So my DH had his SA last week, today I went back to the doctors to get the results of my 21 day bloods confirmed - consistent with ovulation on 2 months out of 3 - hooray! However it then came to my husband's results for his SA last week, low count, low motility and abnormal shape. The doctor said we would be incredibly luck to ever conceive naturally with results like that. He has to do another test to compare it but not looking positive at all, I just want to cry my eyes out!
No advice at this stage other than a good luck and that look. He's booking his next SA today. He was a little upset about it, more at the thought of having to go for more testing. He's adamant he won't do IVF so if the next analysis comes back bad then that's it for us. I'm absolutely devastated. What makes it worse is his son (from a previous relationship) posted pictures just yesterday of his girlfriends scan, his brother's girlfriend has just had a baby and one of our best friends is also pregnant. I could just scream at anyone announcing that they are pregnant. Just can't deal with it anymore.
Thanks _GG_
Going to wait for the results of his next SA and hope they are better but really messed up right now about how I think the rest of my life is going to go.

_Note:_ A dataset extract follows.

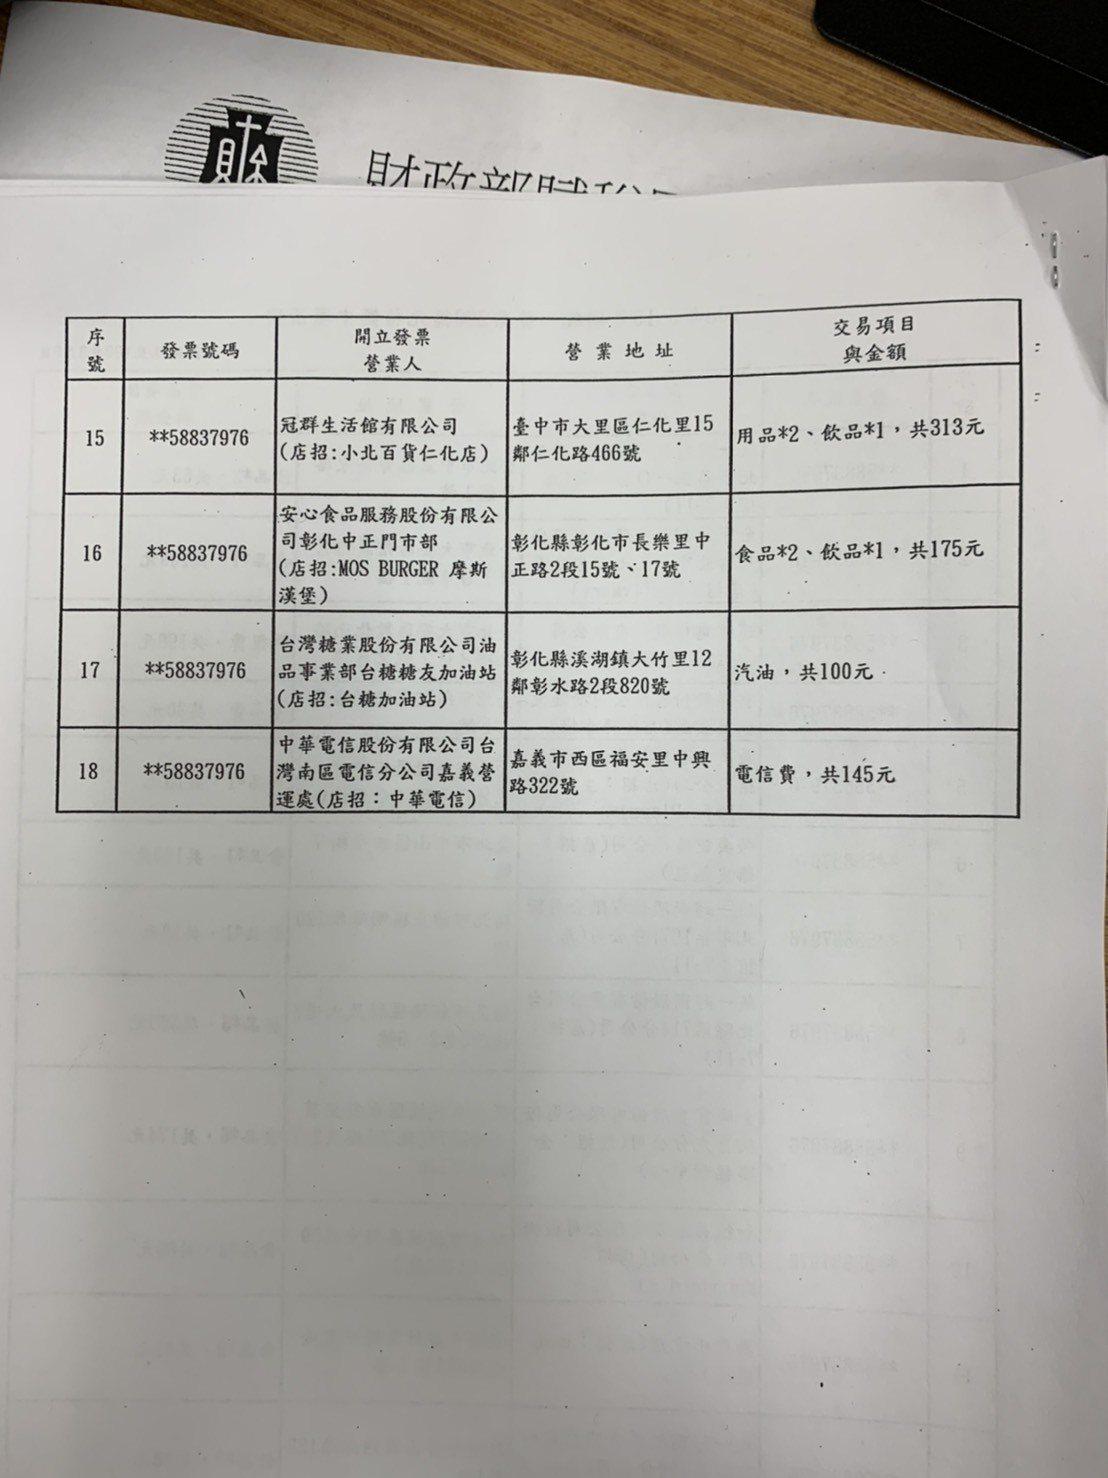 9-10月期統一發票200萬元獎中獎名單。記者沈婉玉/攝影

Thanks so much _GG_ you've been so kind to me today and I feel a little better, got to go home and see him soon so need to put a brave face on it or it will escalate into an argument at this point I fear.
Speak soon xx
So my DH had his SA last week, today I went back to the doctors to get the results of my 21 day bloods confirmed - consistent with ovulation on 2 months out of 3 - hooray! However it then came to my husband's results for his SA last week, low count, low motility and abnormal shape. The doctor said we would be incredibly luck to ever conceive naturally with results like that. He has to do another test to compare it but not looking positive at all, I just want to cry my eyes out!
So I'm 8 or 9 dpo caved and poas of course it was stark white BFN. Don't know why I insist on torturing myself. Losing all hope for this month no symptoms other than being shattered but that's life I'm always knackered lol. Suppose have had a few pulling twinges on my bikini line region but that's probably just wind or something. On the negative bus this morning. No doubt the witch will show her ugly face early next week. So just preparing myself. Hope everyone else is feeling more upbeat today x
So I'm 8 or 9 dpo caved and poas of course it was stark white BFN. Don't know why I insist on torturing myself. Losing all hope for this month no symptoms other than being shattered but that's life I'm always knackered lol. Suppose have had a few pulling twinges on my bikini line region but that's probably just wind or something. On the negative bus this morning. No doubt the witch will show her ugly face early next week. So just preparing myself. Hope everyone else is feeling more upbeat today x
That's very early to test. Maybe distract yourself for a bit! xx
I've got him so Wellman so let's see how that goes - if he takes them!!I’m so sorry to hear this. Did the doctor give any advice ? Is there nothing he could take to help? I heard wellman was good I put my husband on those to help with his xxx
It's his age for one, he thinks it would take too long, second thing is we can't afford it and I doubt we'd be able to get it on the NHS, we have friends in the area that ended up forking out £15000 for theirs (and that was 17 years ago), we don't have that kind of money. We had an argument about it Tuesday night as he said I was being selfish and that he didn't care about changing his diet or quitting smoking and drinking, then later on he calmed down a bit and got upset and said he's sorry it's his fault and asked me if I was going to leave him because of it to which I said no. But I think if the next SA is just as bad we will just have to forget about having a family. Just not sure I can deal with the fact that I will never have children.Wilson, I'm so sorry. Male factor issues can be very difficult to deal with so I thought I'd share some of our experience and hopefully it can help you.
When my OH did his first SA, it came back with low motility, all other parameters were normal. He did a repeat and it was pretty much the same. He tried to put a brave face on it but he's since admitted he found it really difficult. Men feel so protective of their sperm quality and he said he felt like he was letting the side down. I never ever felt that way and for me it was more like his problem was our problem and I notice a lot of ladies on here seem to see it that way too.
We decided to make some improvements to his diet and he started exercising a bit more. He's never smoked and alcohol and caffeine have always been minimal. He also started taking conception vitamins and after doing all this for about 6 months he had also lost about 1.5 stone without really trying. He did another sample and all parameters were normal. That was several months ago but he still maintained this in his most recent sample last month.
Unfortunately, I'm not going to end this story with a natural pregnancy as we're still trying and IVF is going to be the likely next step for us. However, I do think there are more to our issues than just a low motility. Also, your OH has fathered 2 children in the past so maybe some lifestyle improvements will be all that's needed.
Have you explored the reasons why he is so against fertility treatment? I think it will be important for you to understand that if you're to move forward. Good luck!